Всем, кроме немногих друзей, Скотт давал понять или заявлял открыто, что «Уэверли» написан не им; издавая последующие романы, он продолжал стойко хранить инкогнито, пока обстоятельства не вынудили его открыться. Даже леди Эйберкорн и Джоанне Бейли он не выдал секрета; дети тоже не знали, хотя, видимо, и догадывались. Не признался он в авторстве и под нажимом со стороны Байрона, Шеридана, принца-регента и Марии Эджуорт, ирландские характеры которой, заявил он, подвигли его на живописание характеров шотландских. Когда разговор об этом заходил в компании, Скотт тешился, серьезно доказывая присутствующим, что апонимные романы никак не могут принадлежать одному человеку по тем-то и тем-то причинам, причем каждая из них со всей очевидностью свидетельствовала, что написал романы не Скотт, а кто-то другой или другие. Но большинство знакомых были уверены, что замысел книг мог принадлежать только Скотту: многие эпизоды, о которых он им рассказывал, появлялись потом на страницах романов, а поскольку Скотт относился к тем, кто «пишет, как говорит», его выдавало уже само построение фразы. Он со свойственной ему проницательностью это предвидел, но продолжал упорствовать. «Причины, коими мы оправдываем свое поведение в собственных глазах, весьма отличаются от подлинных мотивов наших действий»,— говорил он, и тем не менее прислушаемся к его объяснениям — вдруг между ними мы обнаружим главное и настоящее.
Свифт, будучи духовной особой, признал себя автором лишь одного из своих бесчисленных сочинений; Скотт тоже считал, что писание романов может рассматриваться как промысел, неподобающий секретарю Высшего суда. Скрыв свое имя, он избавлялся от гнета личной ответственности и получал возможность писать раскованней и чаще, нежели в противном случае; к тому же это спасало его от тяжкой необходимости обсуждать свои книги с каждой бестактной персоной, которой вздумалось бы к нему приставать. Опять же затея с романами могла и провалиться, а он вовсе не собирался ставить под удар свое громкое имя поэта. Если же, напротив, романы возымели бы успех, то их анонимность могла заинтриговать публику и тем самым поднять на них спрос. И наконец — тут-то и кроется главное объяснение — он приводил слова Шейлока: «Таков мой вкус»46.
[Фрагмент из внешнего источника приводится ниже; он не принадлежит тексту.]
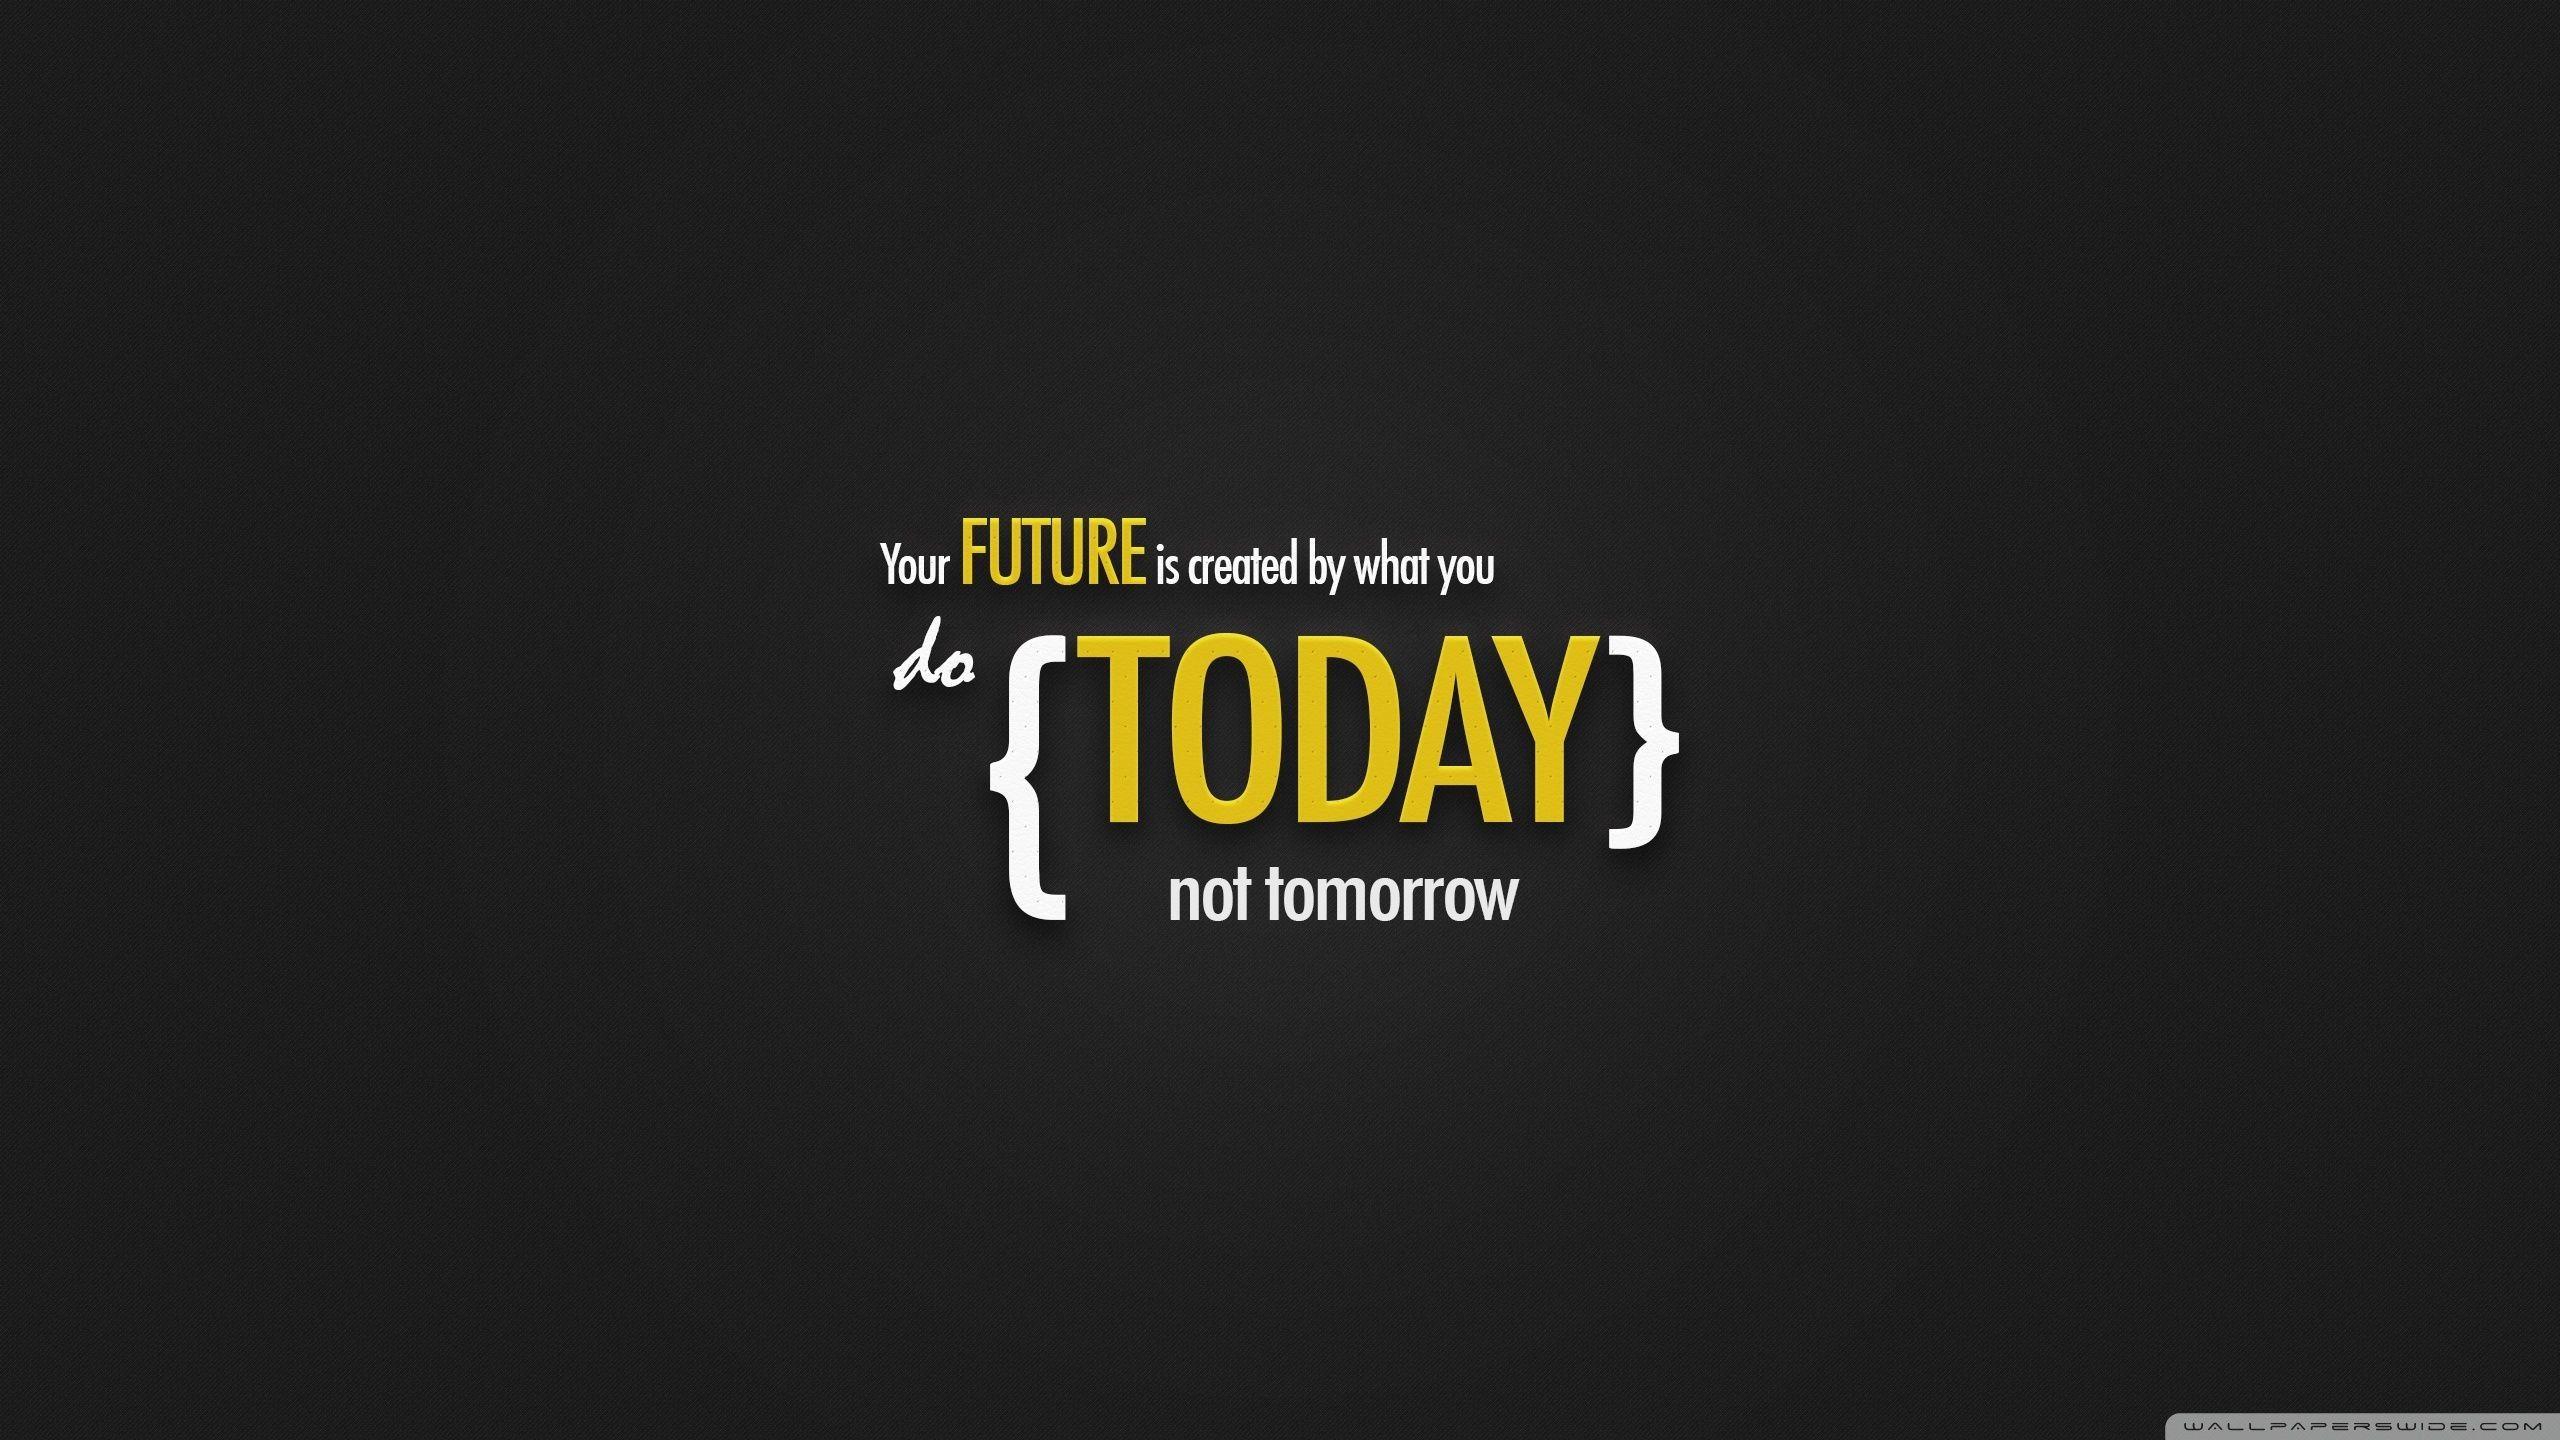 81unique Inspirational Quotes Wallpaper Hd Free Download In 2020 Inspirational Quotes Wallpapers Inspirational Desktop Wallpaper Inspirational Wallpapers Hd

Причина, о которой Скотт умалчивал, заключалась в его связях с типографией Баллантайна. В дни его юности лицам, занимающимся адвокатской практикой, не рекомендовалось иметь прямой интерес в коммерческом предприятии. От практики Скотт отошел, но остался шерифом и членом коллегии адвокатов, так что о своих торговых операциях он не смел заикнуться даже самым близким друзьям. Из одной тайны выросла другая. Когда он начал писать романы, то печатать их решил у Баллантайна; а это значило, что издателей, которые и без того не подозревали о доходах, выручаемых Скоттом от типографии, было полезно оставить в неведении и относительно личности самого автора.
Но решающее объяснение этой скрытности кроется в таких свойствах его натуры, как хитрость и озорство, та самая хитрость и то озорство, что время от времени проскальзывали в его взгляде. Он питал детскую любовь к тайнам, которую взлелеяла и укрепила его одинокая независимая юность, и, как мальчишка, упивался проказами ради самих проказ. Сокрытие истины даровало ему свободу и смех — он хотел того и другого. Теперь он мог слушать, как обсуждают его собственные романы, и лукаво вступить в разговор с миной незаинтересованного лица; он мог читать рецензии как бы со стороны и с большим удовольствием — рецензенты не называли его по имени; наконец, ему нравилось наслаждаться жизнью, скрываясь за кулисами, — и в этом он напоминал скорее финансиста, чем политика. Он мог дергать за ниточки — и куклы пускались в пляс.